The case went all the way to the U.S. Supreme Court, which ruled last spring that the womens
Fourth Amendment protections from unreasonable search and seizure were violated. The high
court remanded the case to a lower court with the stipulation that the blood samples cannot be
used as evidence. The struggle to free these women continues, Washington said.

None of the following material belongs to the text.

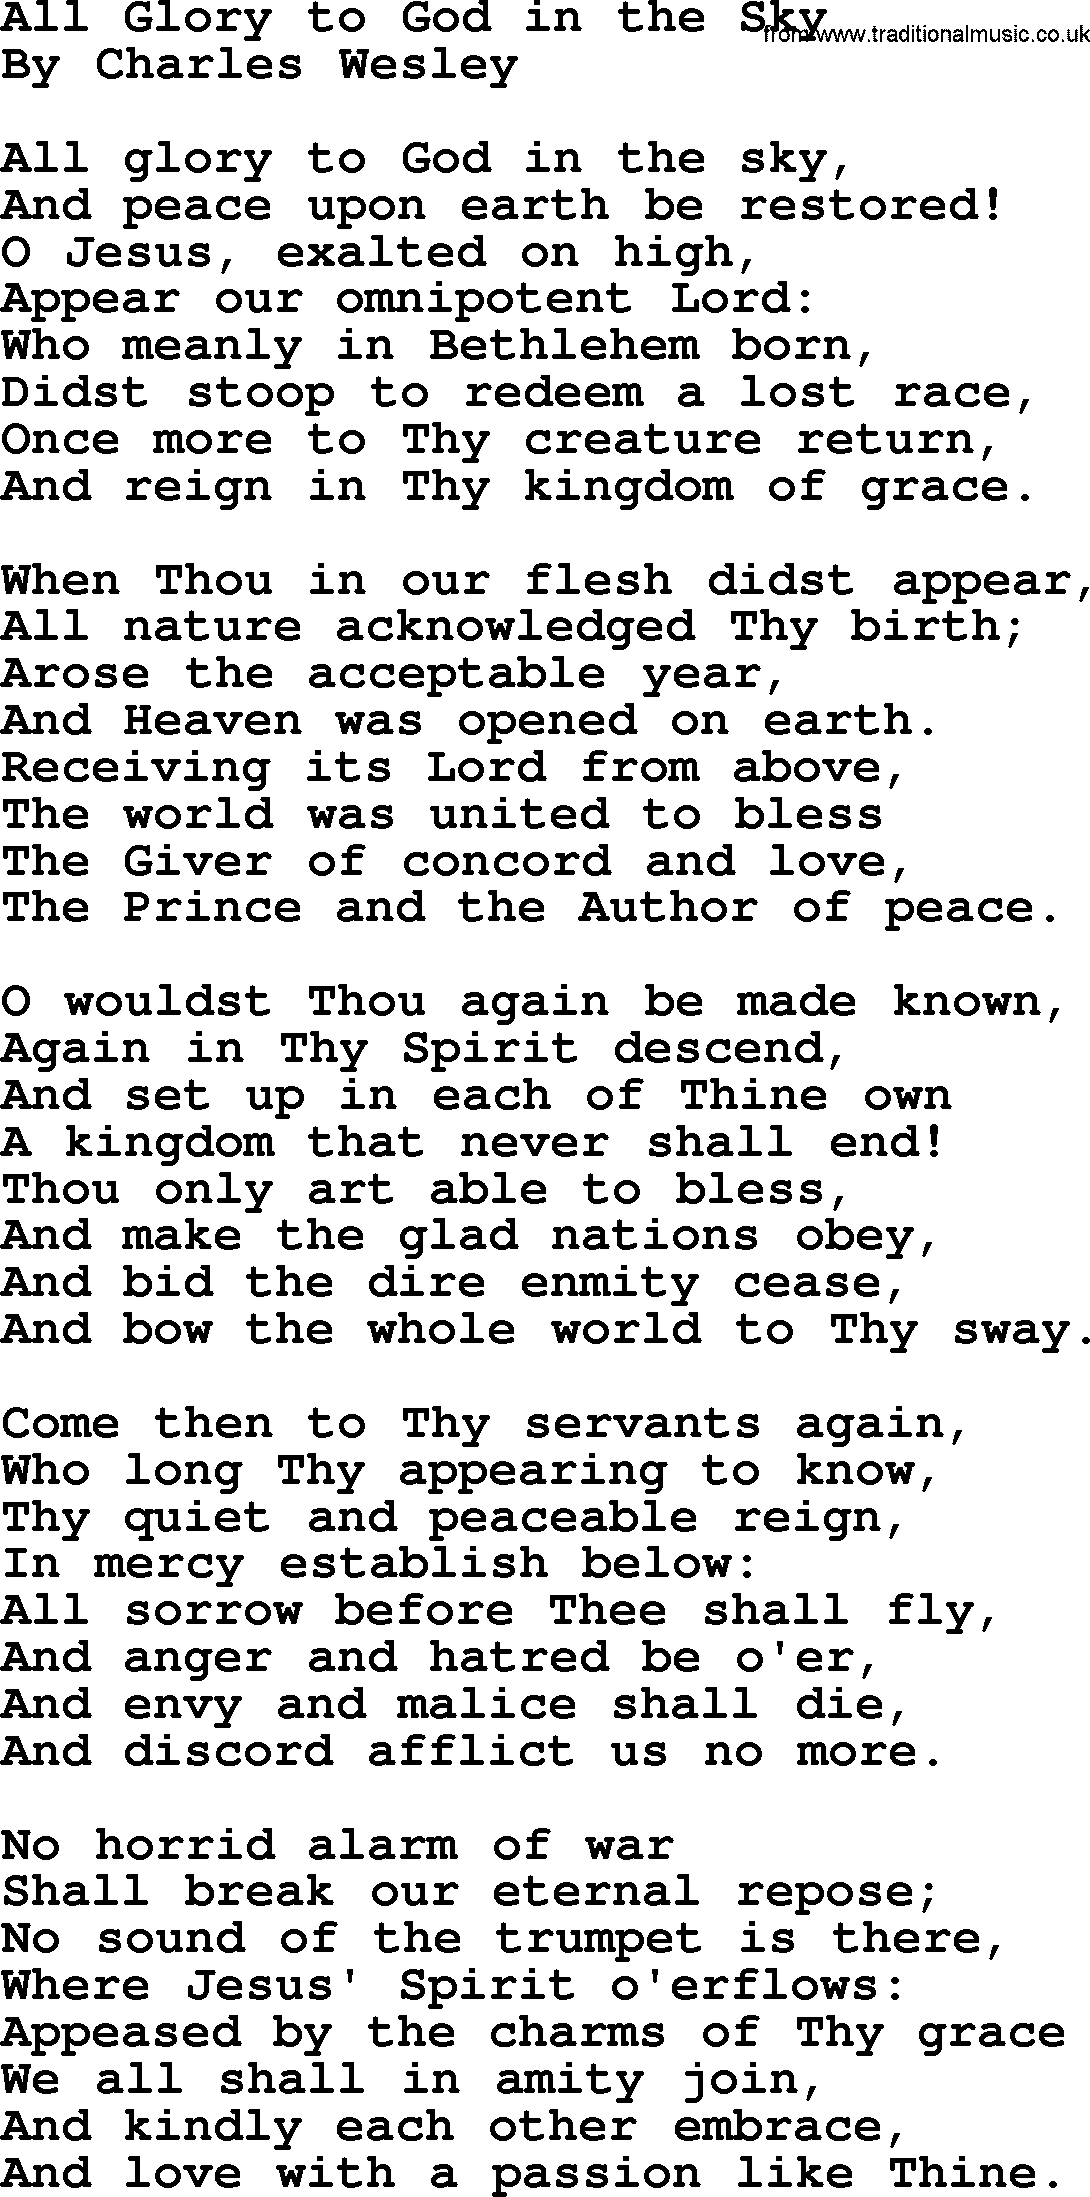 Charles Wesley hymn: All Glory To God In The Sky, lyrics

In the summer of 1968, I came to Charleston to cover an organizing rally sponsored by the hospital
workers union, Local 1199, and the Southern Christian Leadership Conference (SCLC). The nation
was still reeling from the assassination a few months earlier of SCLC leader, Dr. Martin Luther
King, Jr.
The rally was held at a church attended by Denmark Vesey, leader of a celebrated 1822 slave
revolt. I wanted to visit that church once again. Myron Washington rode with me and together we
found the soaring Emanuel AME Church where Vesey had served as a lay preacher. We also
found the house where Vesey had lived after purchasing his own freedom.
An estimated 9,000 slaves had enlisted in a plan to seize ships and, relying on Veseys knowledge
of navigation, sail to Santo Domingo where slavery had been abolished in 1790. The plot was
betrayed and Vesey and 27 other freedom fighters had been hanged a few dozen yards from the
church.
Its wrong that his house is not open to the public, Washington said. That house should be a
shrine.
As we drove off, Washington spoke of how hard it is to organize workers in the face of employer
union-busting. I nodded, But if Denmark Vesey could organize 9,000 slaves in 1822, I guess we
can organize workers in Charleston in 2001.
One step in that direction involves Winyah Stevedoring, the company that supplied the non-union
workers that touched off the struggle. The company is suing ILA locals, local presidents and 27
members of the union individually for $1.5 million, claiming loss of income. But, as Kenneth Riley
said, the Winyah workers themselves are organizing to become members of the ILA.